7 thoughts on “Your next H&M purchase will have a Made in Ethiopia tag

  1. Laura, thank you for this post! You have inspired me to buy better quality, starting that evening in New York when we googled ethical clothing stores. I pay more attention to what I buy now, and buy less. Such an important topic! I just went to H&M a while back and seems like their selection of “eco fashion” is increasing. It used to be a small section of the store, now it’s growing. They say they use sustainably produced organic cotton. No details were available, though. I will look into this and see what their promises actually mean.
    Thank you again! P.S I love my scarf from Kaight in NYC. 🙂

    1. Thank you Anna! I am glad I inspired you. That evening in NYC led me to a lot of interesting research on the garment industry and I found some great new ethical fashion brands. 🙂 And I’m happy you love that scarf!! (Kaightshop is on instagram, you should check them out there).

      It’s interesting about H&M’s ethical collection. I think, like you say, the selection is increasing due to rising demand. I am looking forward to seeing H&M’s ethical hub here in Ethiopia, I really hope they make it work and agree on paying living wages to their workers.

      I think you should always ask them about their ethical lines if you get the chance! Apparently at Zara, for instance, they feed in every customer request and comment to their management and they forward that information to the designers.

  2. I’ve been juggling with same thoughts and issues for quite some time now and recently tried a new tactic (well the tactic is old as mankind but apparently I’m learning slowly). Living with low income (low by Finnish standards) led me to a trap called “but I can’t afford anything more expensive”, leading onward to constant second-hand and discount shopping.
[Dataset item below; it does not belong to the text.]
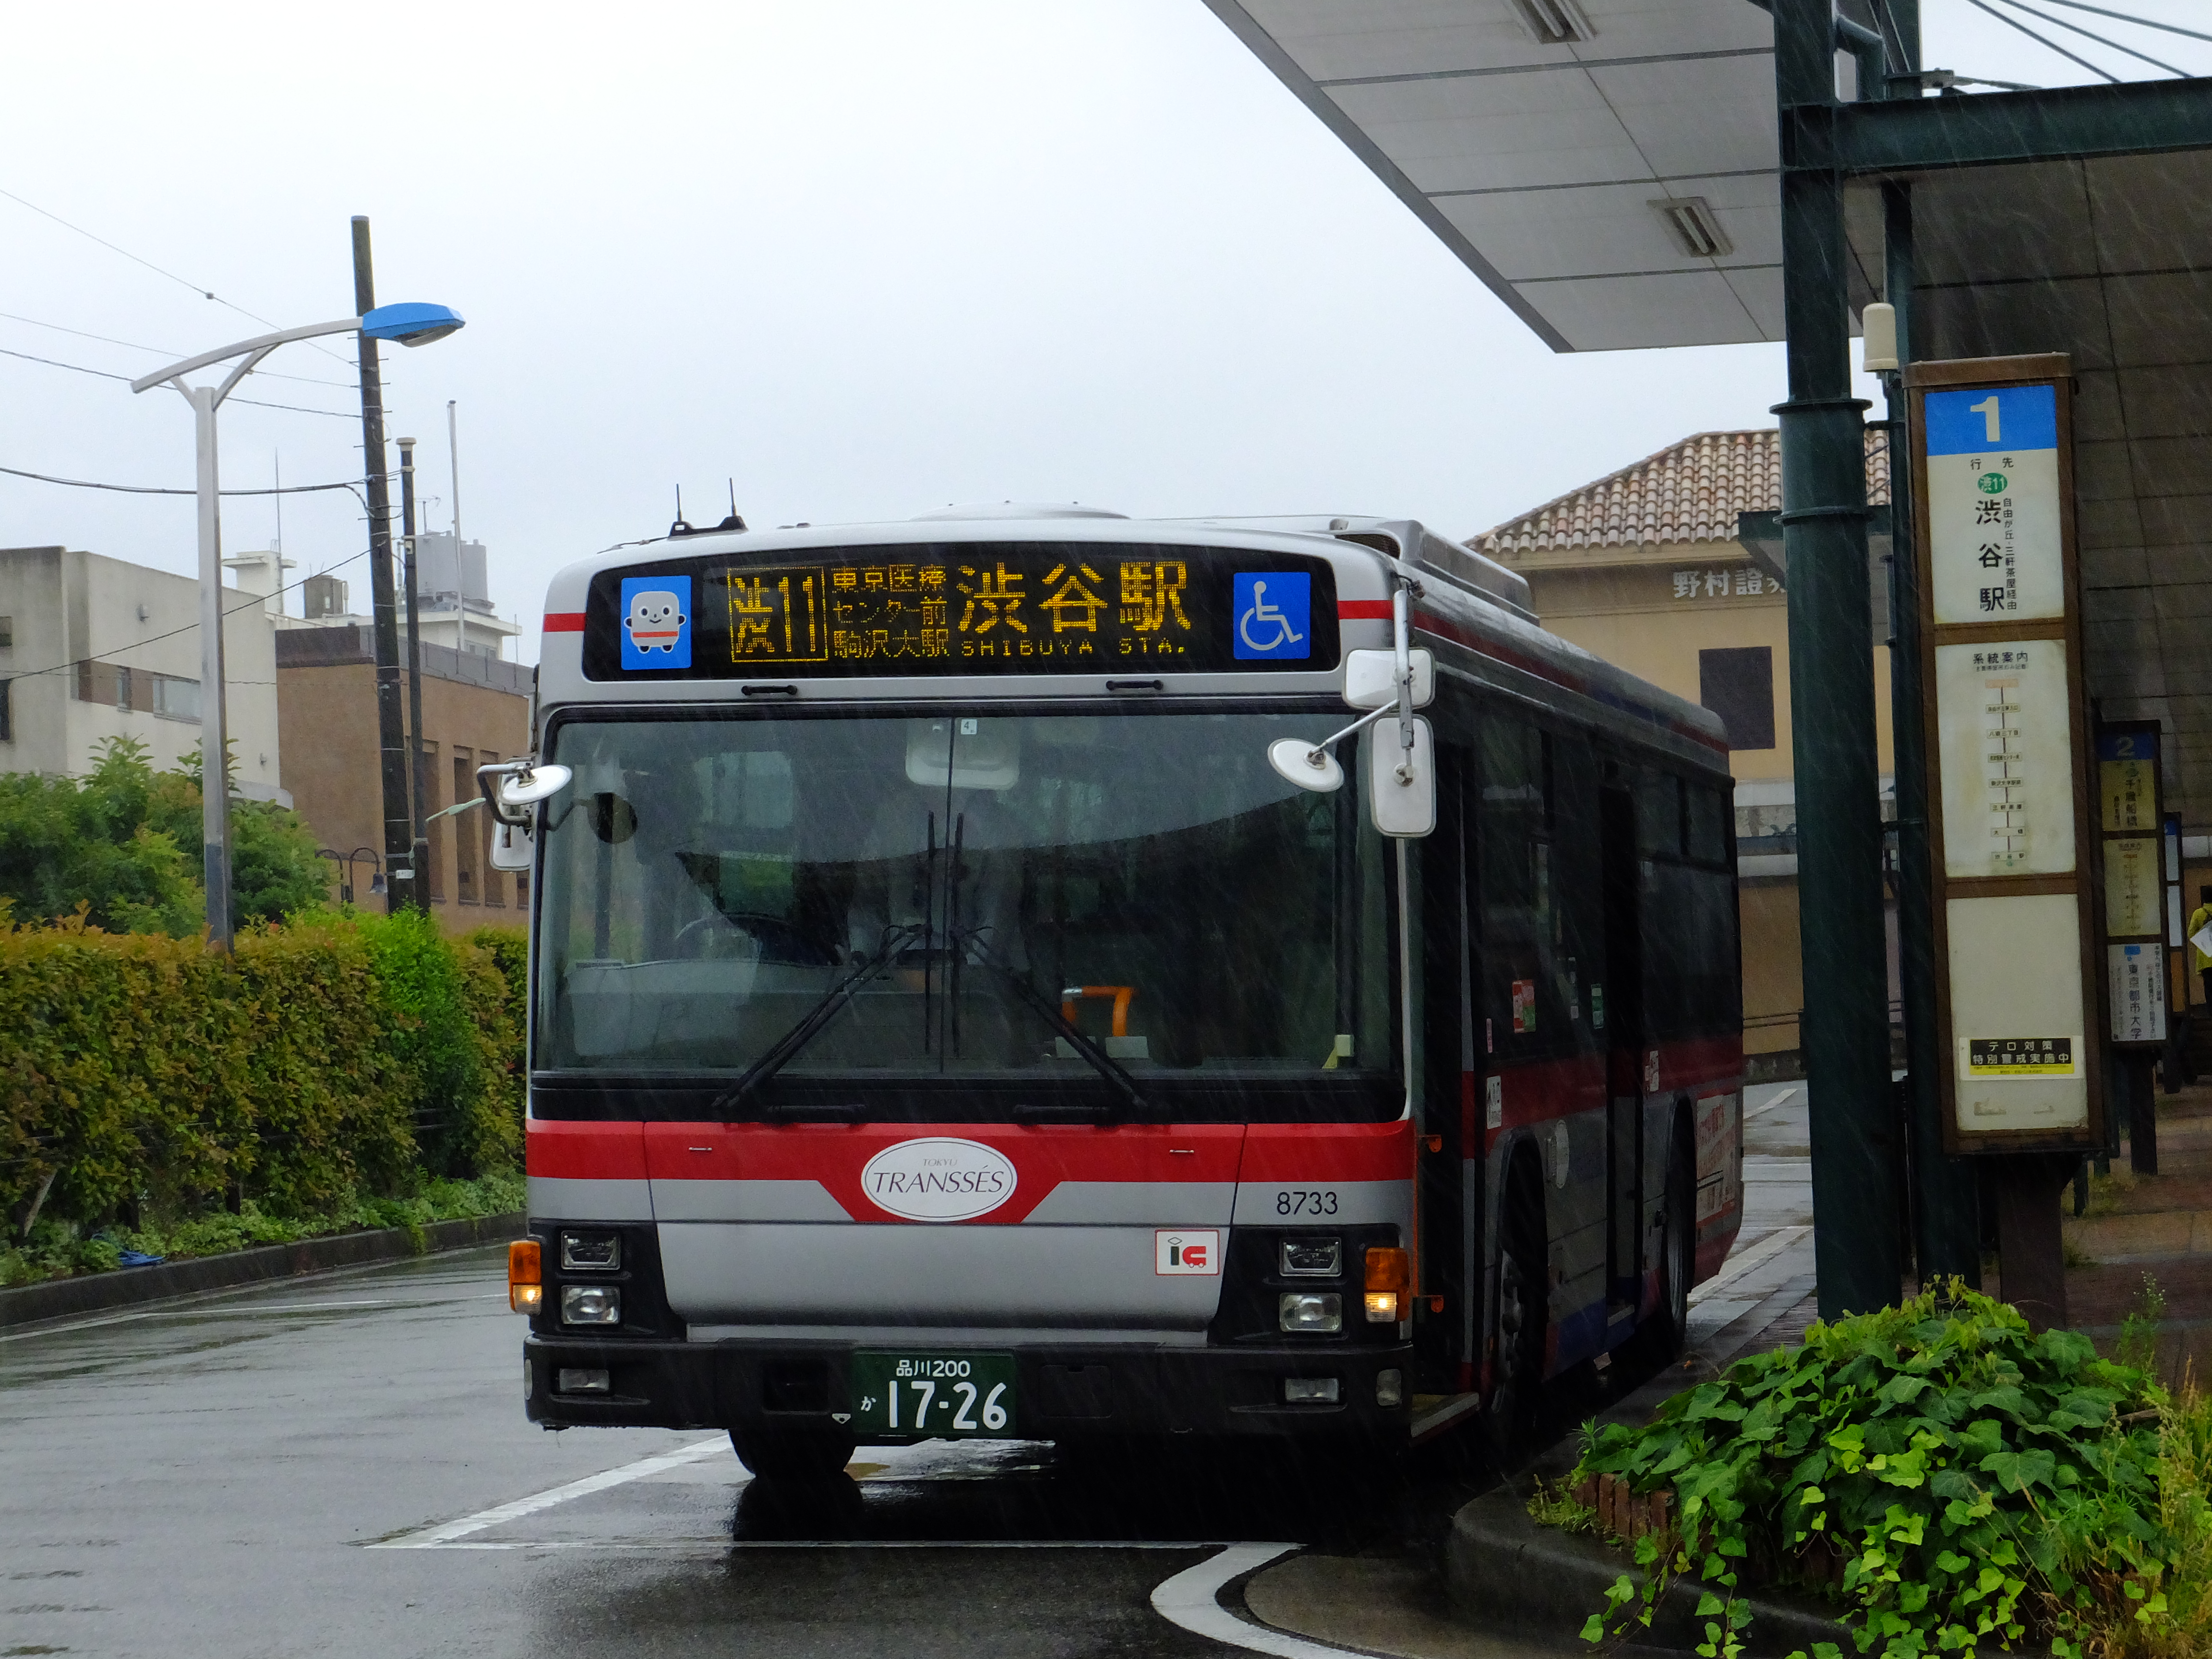 東横線 東急バスでどこまで行けるか その7 自由が丘駅 田園調布駅 オモニバス

Second hand is ok as long as it’s for reasonable purposes; buying when you actually need the item and if the item is actually just right for you and will not end up stealing closet space.

    After years of successful “oh such a bargain/let’s see if I find something nice and new”-living I decided to do things differently. I read a really good book about it (Rinna Saramäki; Hyvän mielen vaatekaappi) and even though I was familiar with problems of cotton production and working conditions etc it still worked as a really good eye-opener.

    The thing is, our relationship with clothes IS twisted and faulty. We surround ourselves with relatively cheap objects by volume instead of quality. By saying that I can’t afford to pay more I’m just pushing my relative lack of money to developing countries to people who REALLY don’t have money.

    So, as personal solution I did this; I went through every item of clothing I own. Made three piles; clothes I don’t wear, clothes I don’t wear now and clothes I do wear now. I chose 33 items from the last pile and will use only those during next three months (not my idea, but from here http://theproject333.com/). After that I choose another set and so on. If I live amongst vast amounts of clothes that mostly are ok but will not last well with time, do not fit and can’t be mended, I will most likely support the same behavior in the future as well. On the other hand, by coming to realize that a well chosen set of items is all I need, it will be easier to choose quality over volume. I estimated a yearly budget for new clothes and can now spend it with a bit more wisdom and choose more sustainable clothes.

    1. Thank you Outi for this valuable comment! I share your thoughts. I’ve had that twisted relationship with clothes for years. Like you, I always thought that I can’t afford quality. Instead I bought piles and piles of disposable clothes.
      The good thing is that once the change begins, it is difficult to reverse it! Nowadays when I look into a Forever21 or other kind of fast fashion shop I just see badly sown garments.
      I’ve heard about Project33! So interesting to hear that you tried it out. And I’ve heard a lot about Rinna Saramäki’s book – I will get to read it this Christmas, as guests from Finland will bring it to me. I bought it online. 🙂
      If you haven’t already, I also recommend the book ‘Overdressed’. Was an eye-opener for me.